Kent State’s College of Public Health also offers a variety of graduate assistantships for students pursuing their Master's and Doctoral degrees.

==Faculty Information==

At the present time Kent State's College of Public Health has 18 full-time faculty members who operate across five disciplines: epidemiology, biostatistics, environmental health sciences, social and behavioral sciences and health policy and management. They have an established record of grant-funded scholarship and research, and throughout their careers have accumulated a total of $29 million in externally funded research.

Faculty members in the College of Public Health regularly engage in research that aims to provide solutions for societal problems such as preventing violence, responding to natural and manmade disasters, curbing substance abuse, and improving the delivery of healthcare.

==Student Alliance==

The Public Health Student Alliance (P.H.S.A.) at Kent State operates as the central student association and coordinating organization for the College of Public Health. Membership is open to any student interested in Public Health, and the overall mission is to improve society's quality of life.
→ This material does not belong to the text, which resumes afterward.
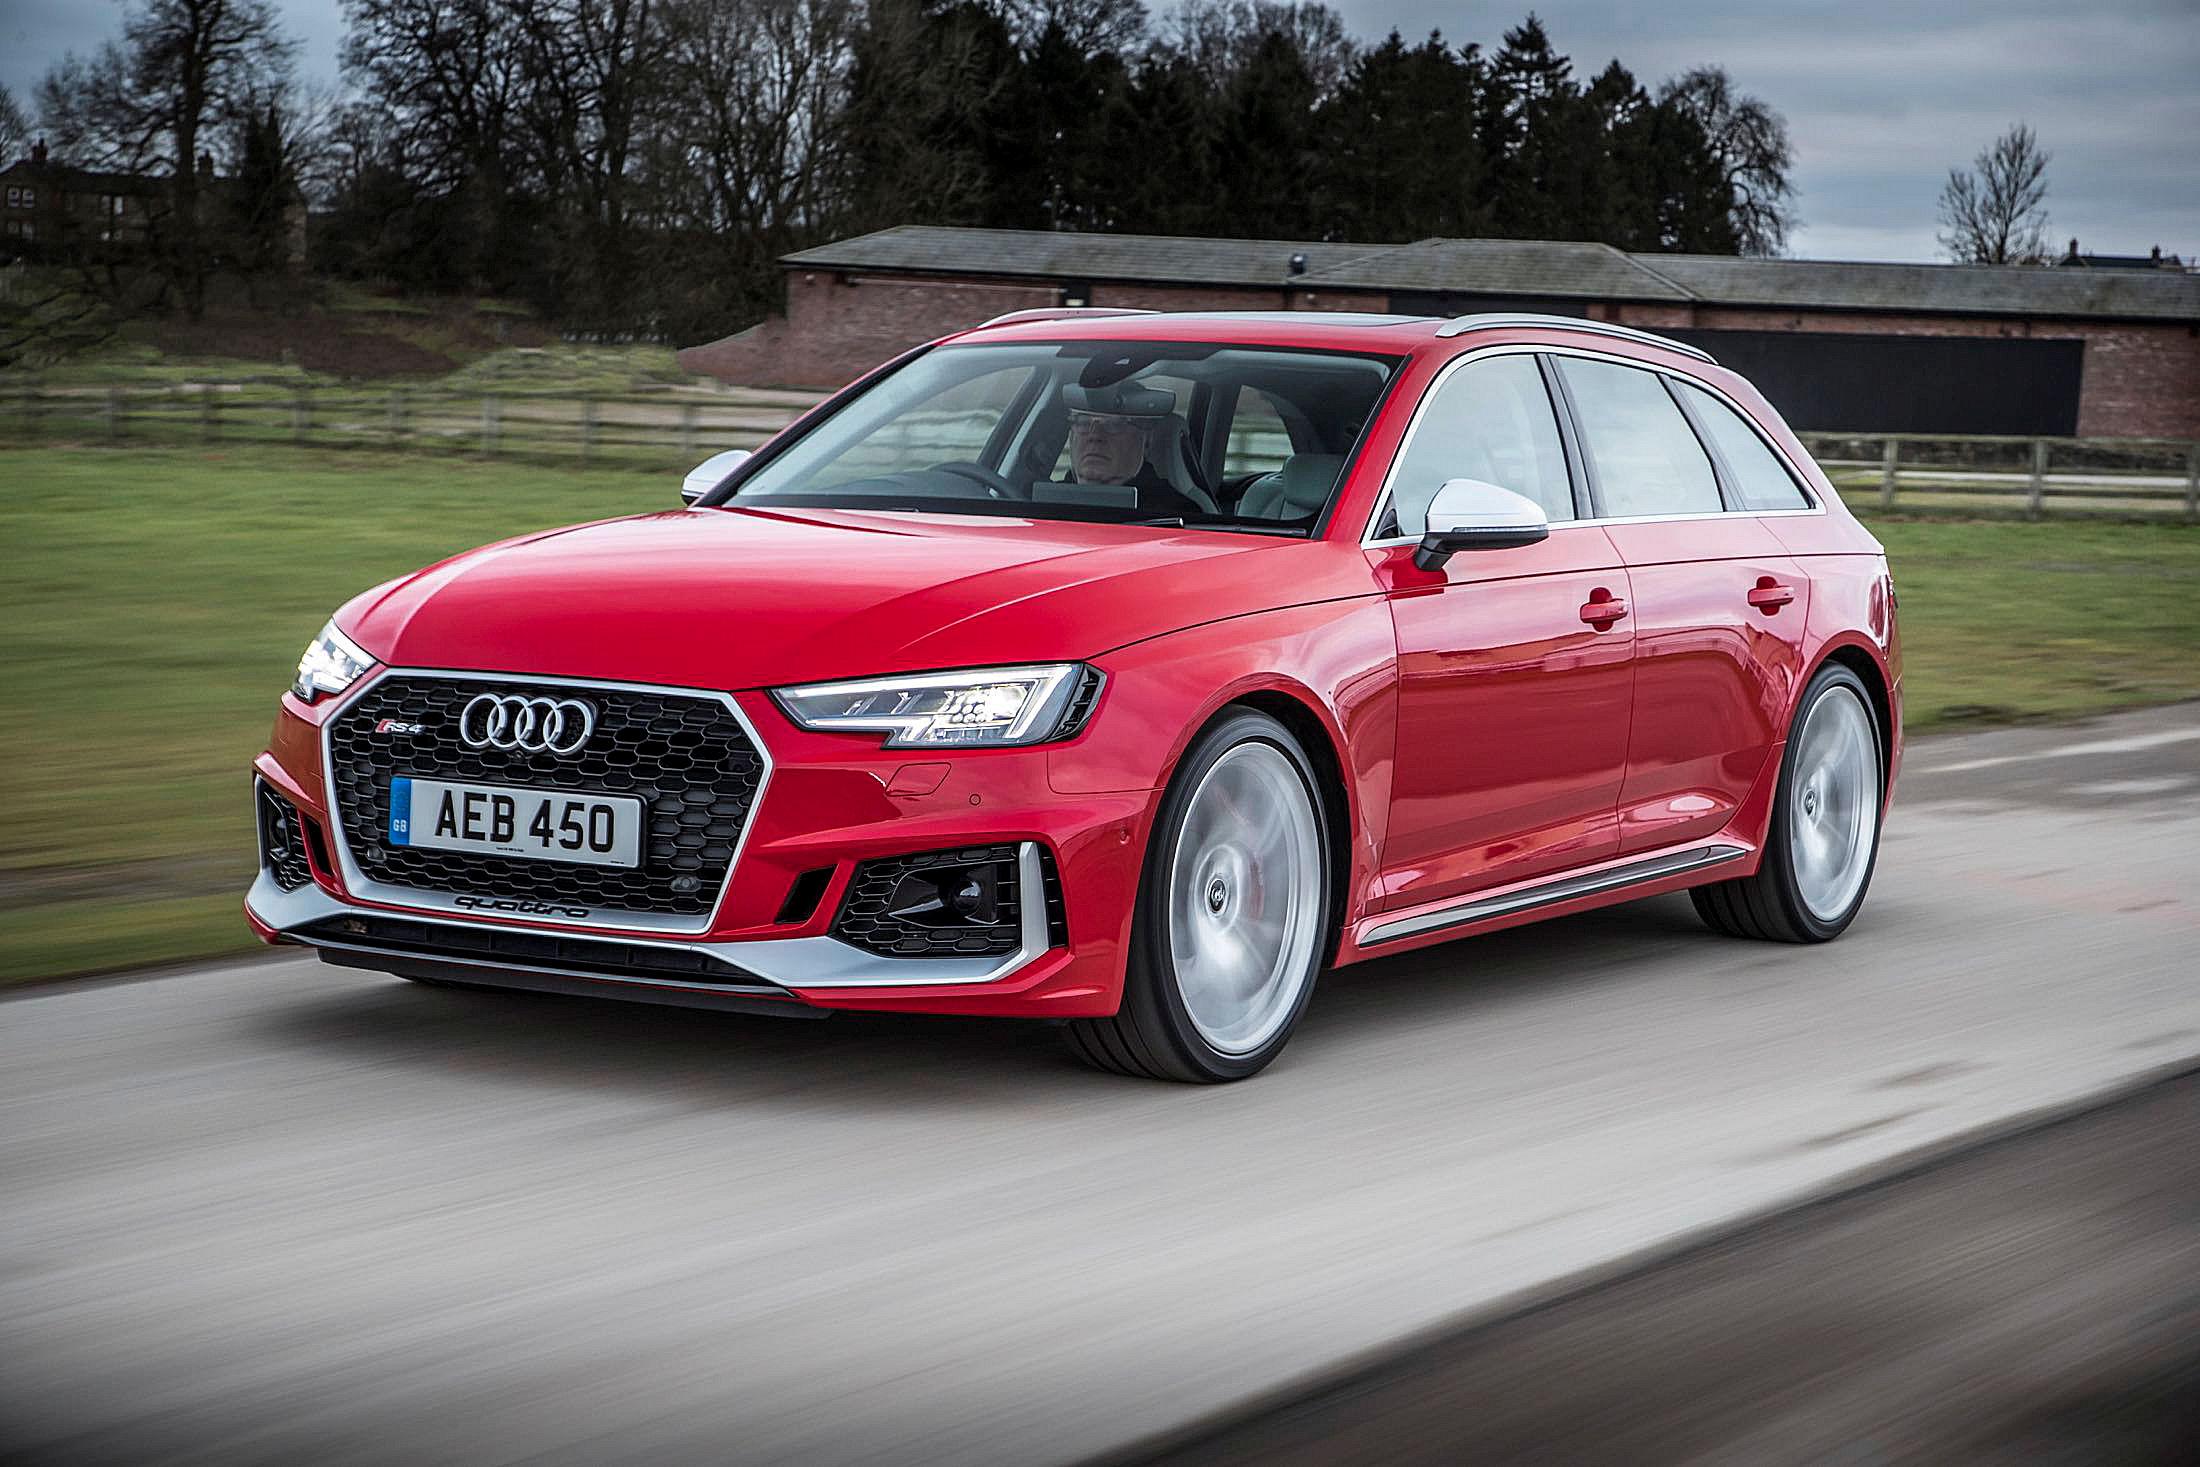 Audi Rs4 Avant Road Test Wheels Alive

To become a member a student must fill out an application form and pay dues of $5.00/semester or $10/year.

P.H.S.A sponsors the college's Speaker Series, which brings in industry professionals, professors and researchers to talk about important issues within the public health arena.

==Advising Department==

The College of Public Health has its own advising department solely for students who are interested in pursuing a degree in public health. Students can schedule an individual advising appointment to ask questions, get additional information and receive assistance filling out forms.

==Accreditation==
The College of Public Health is seeking accreditation through the Council on Education for Public Health as a full school. On October 26, 2012, the college was announced as an Associate Member in the Association of Schools of Public Health, and is in its self-study period.